**Your instructions:** Set out word for word the line that contains "Tête de lit arquée" and each line after it, through the end of the data below, but exclude the pictures.

**Recorded information:**
--

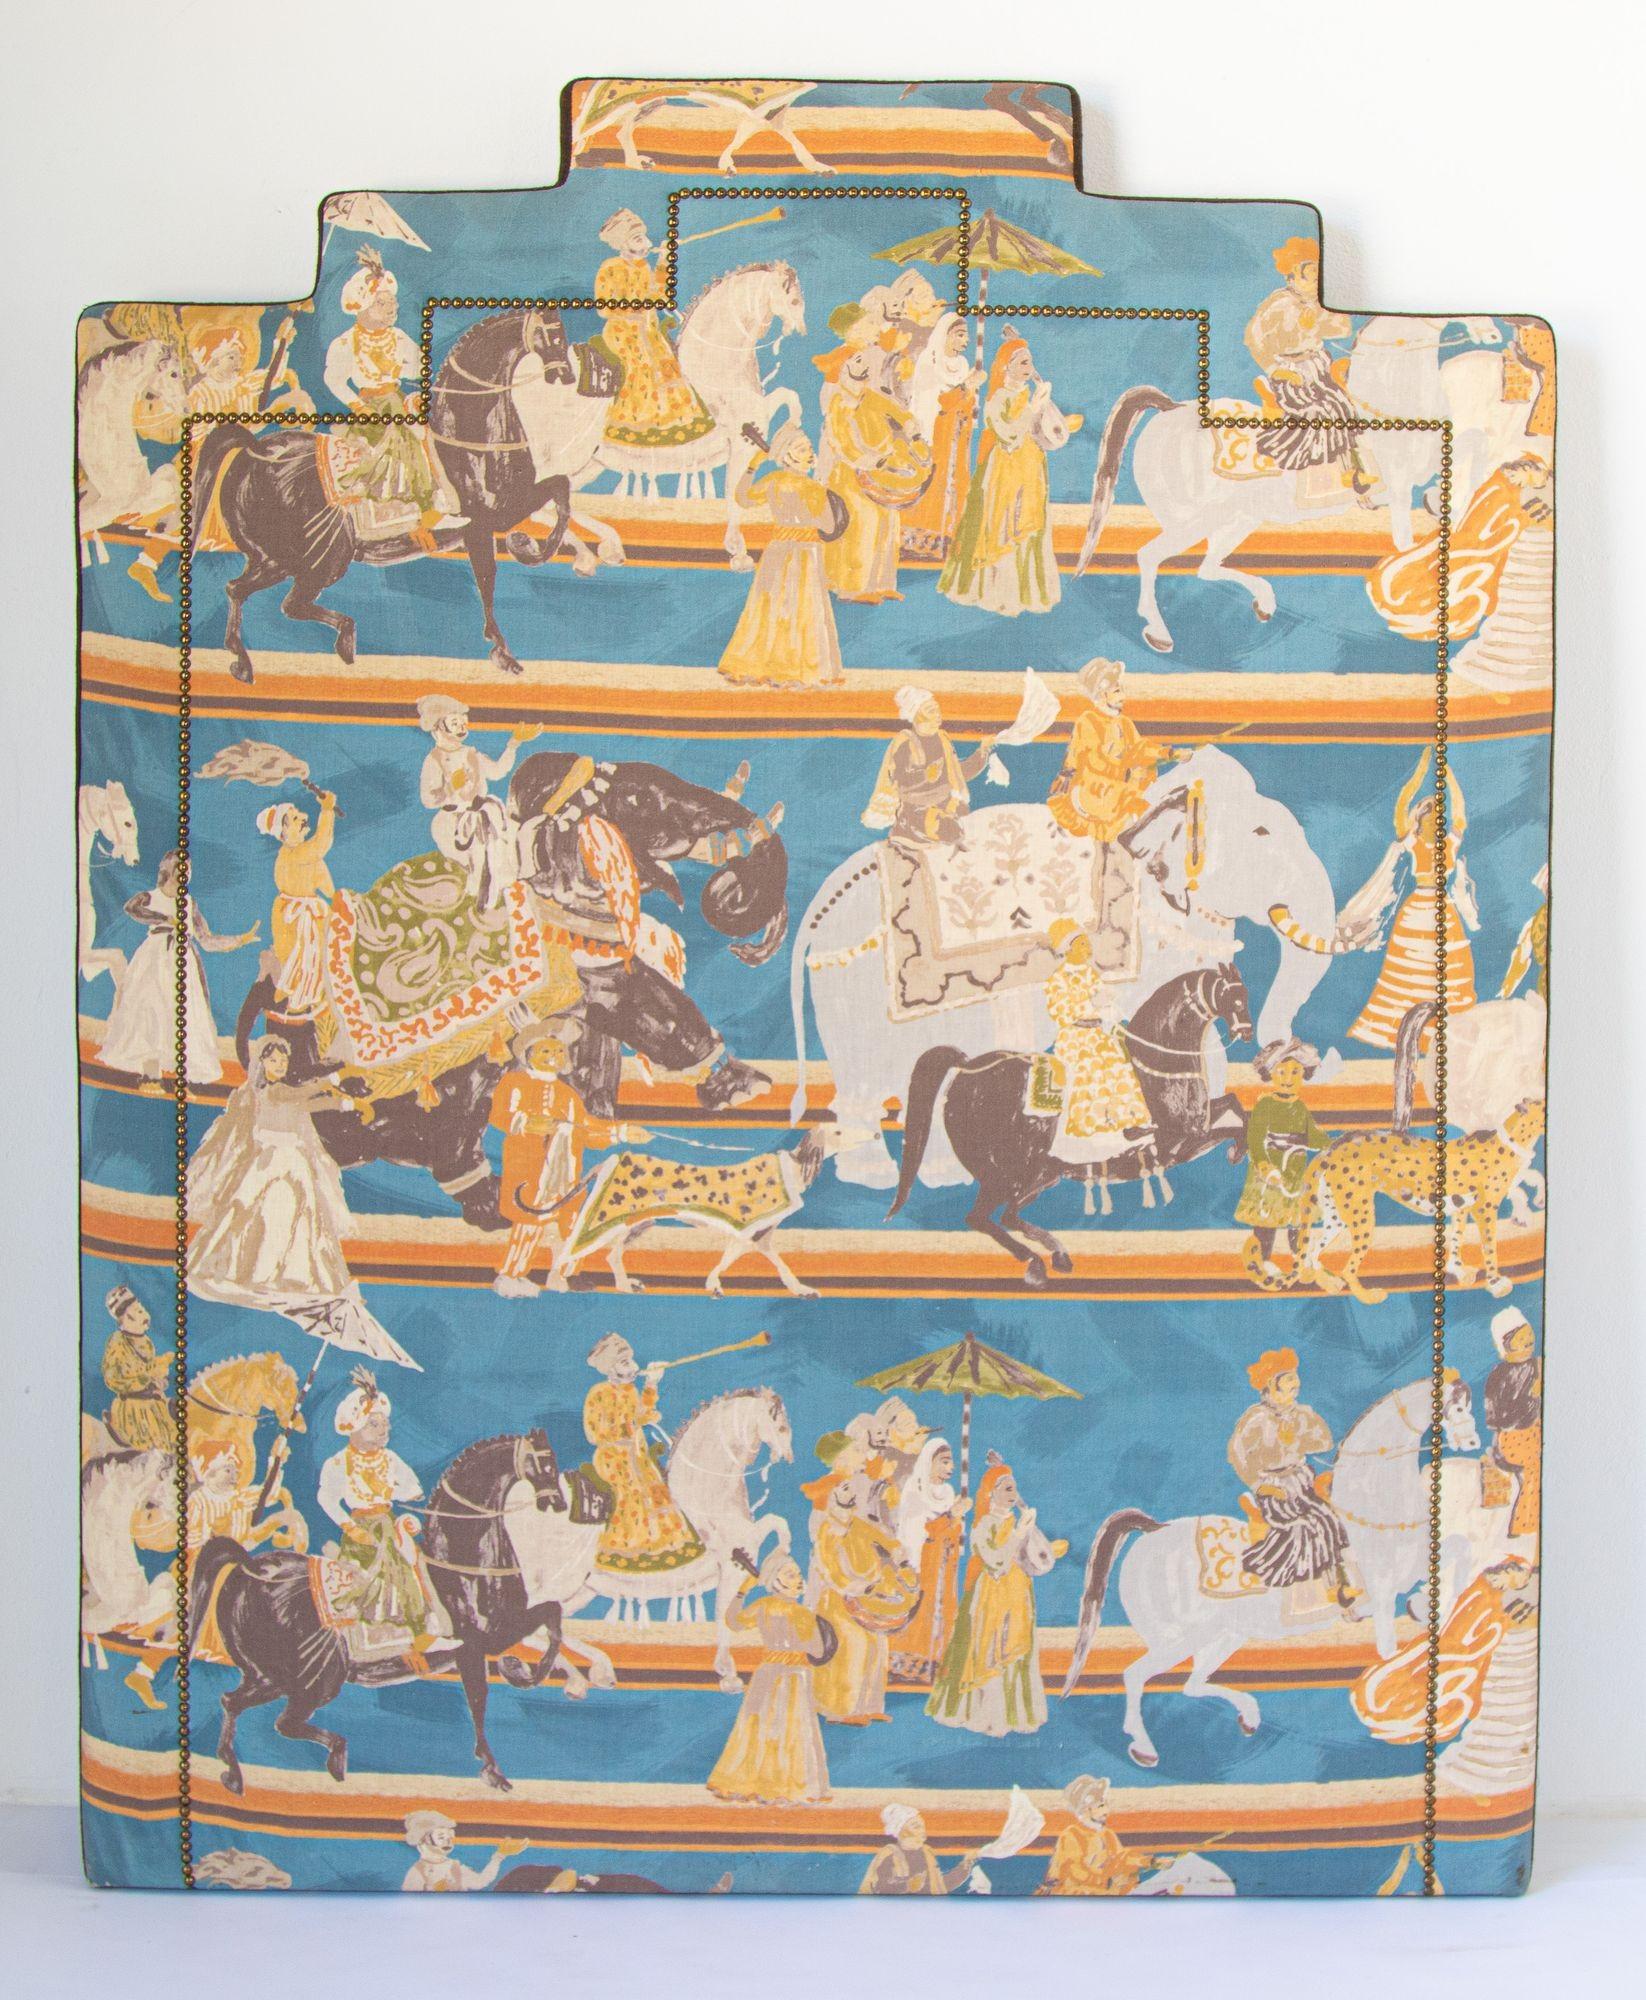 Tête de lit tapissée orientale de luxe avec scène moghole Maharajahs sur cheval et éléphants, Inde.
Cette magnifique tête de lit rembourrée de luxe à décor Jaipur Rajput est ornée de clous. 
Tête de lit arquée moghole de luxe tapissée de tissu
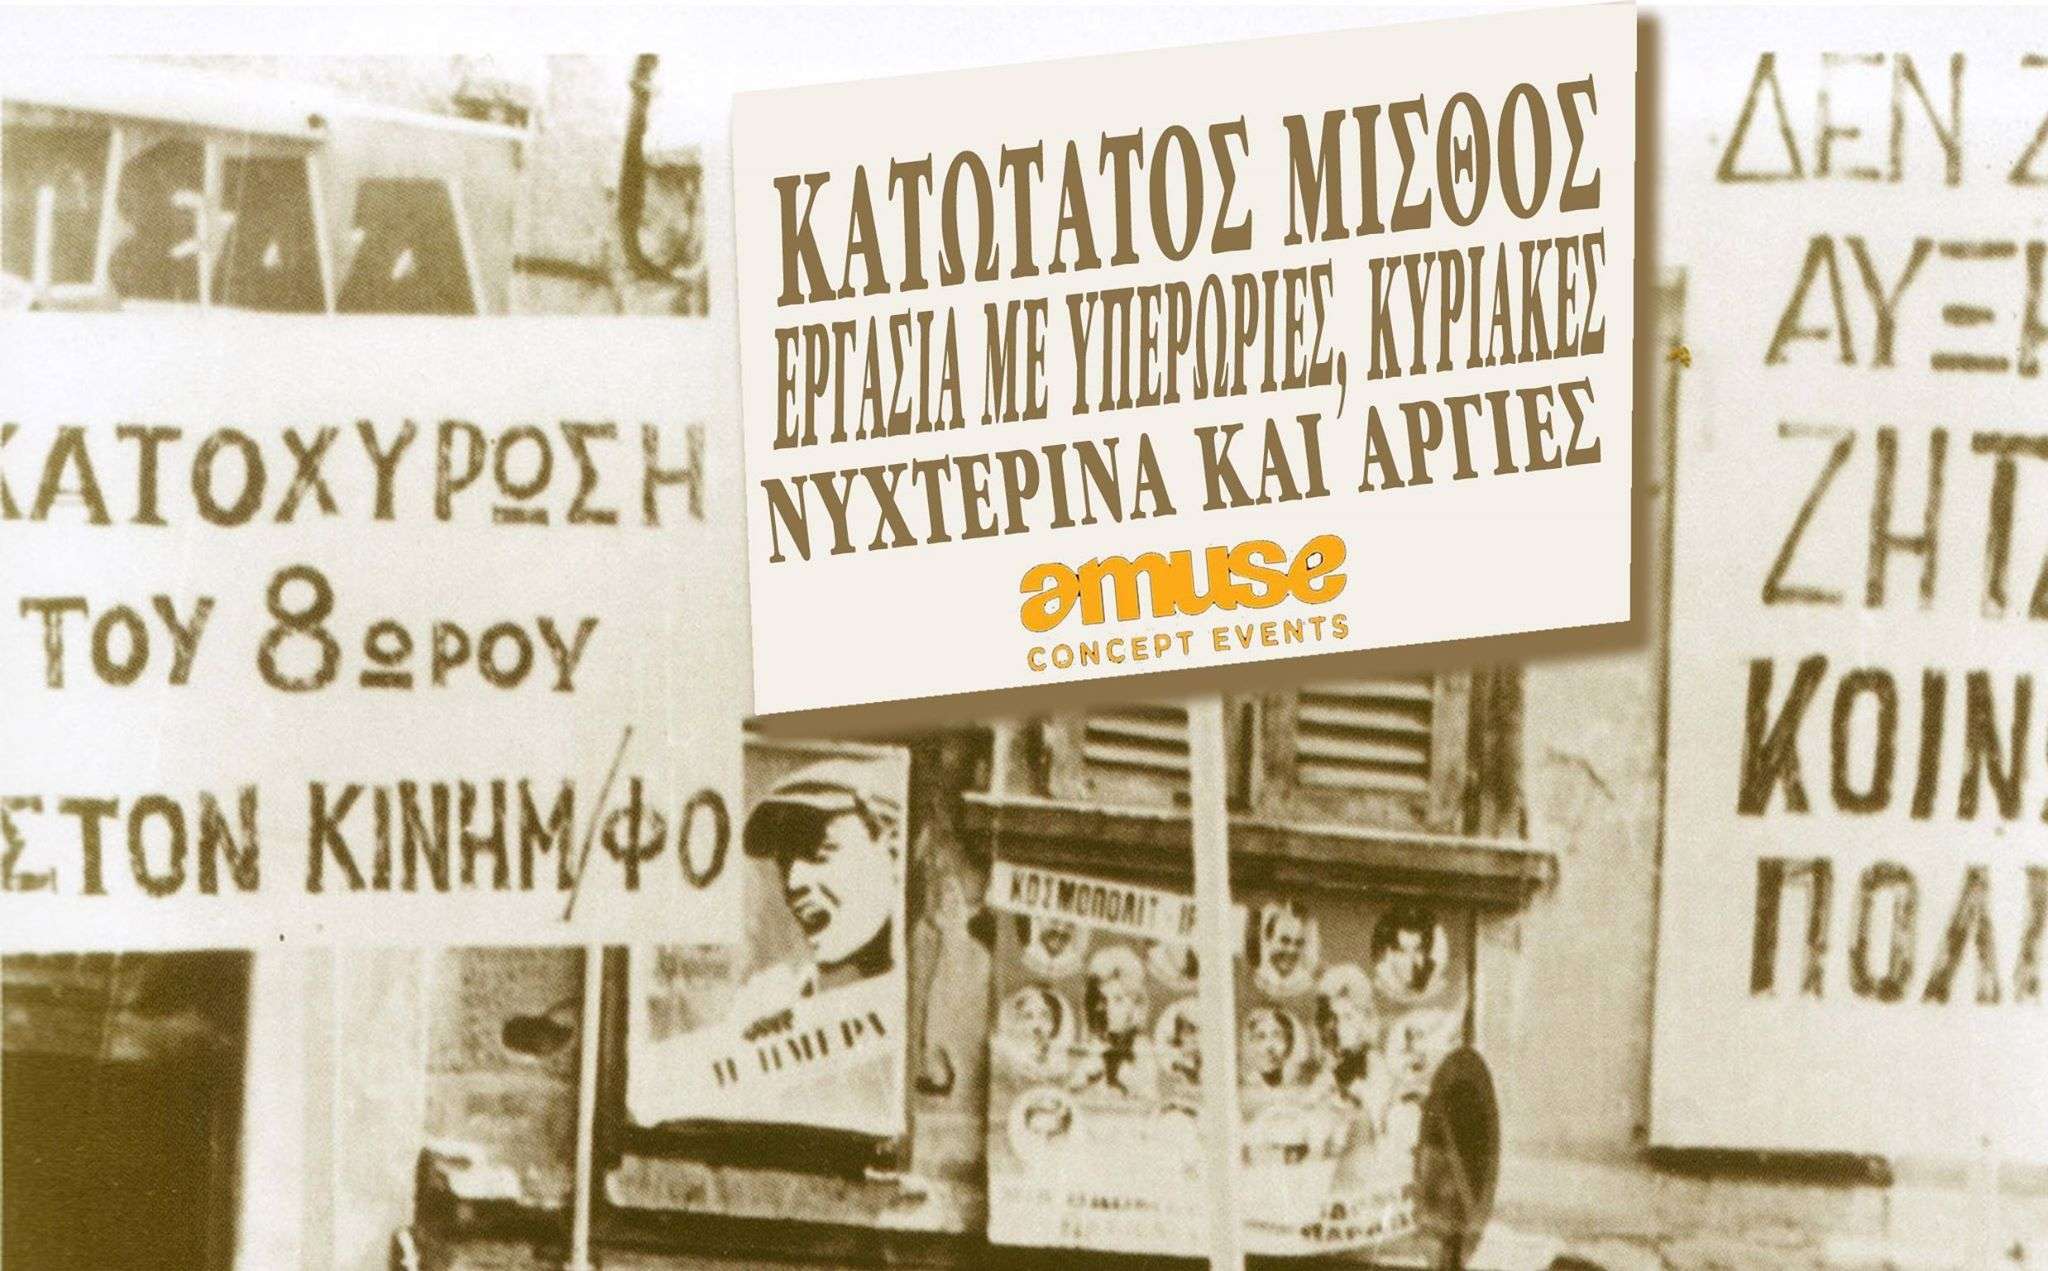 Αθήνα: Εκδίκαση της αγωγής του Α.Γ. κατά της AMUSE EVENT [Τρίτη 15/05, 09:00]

--

**Written response:**
Tête de lit arquée moghole de luxe tapissée de tissu
 Αθήνα: Εκδίκαση της αγωγής του Α.Γ. κατά της AMUSE EVENT [Τρίτη 15/05, 09:00]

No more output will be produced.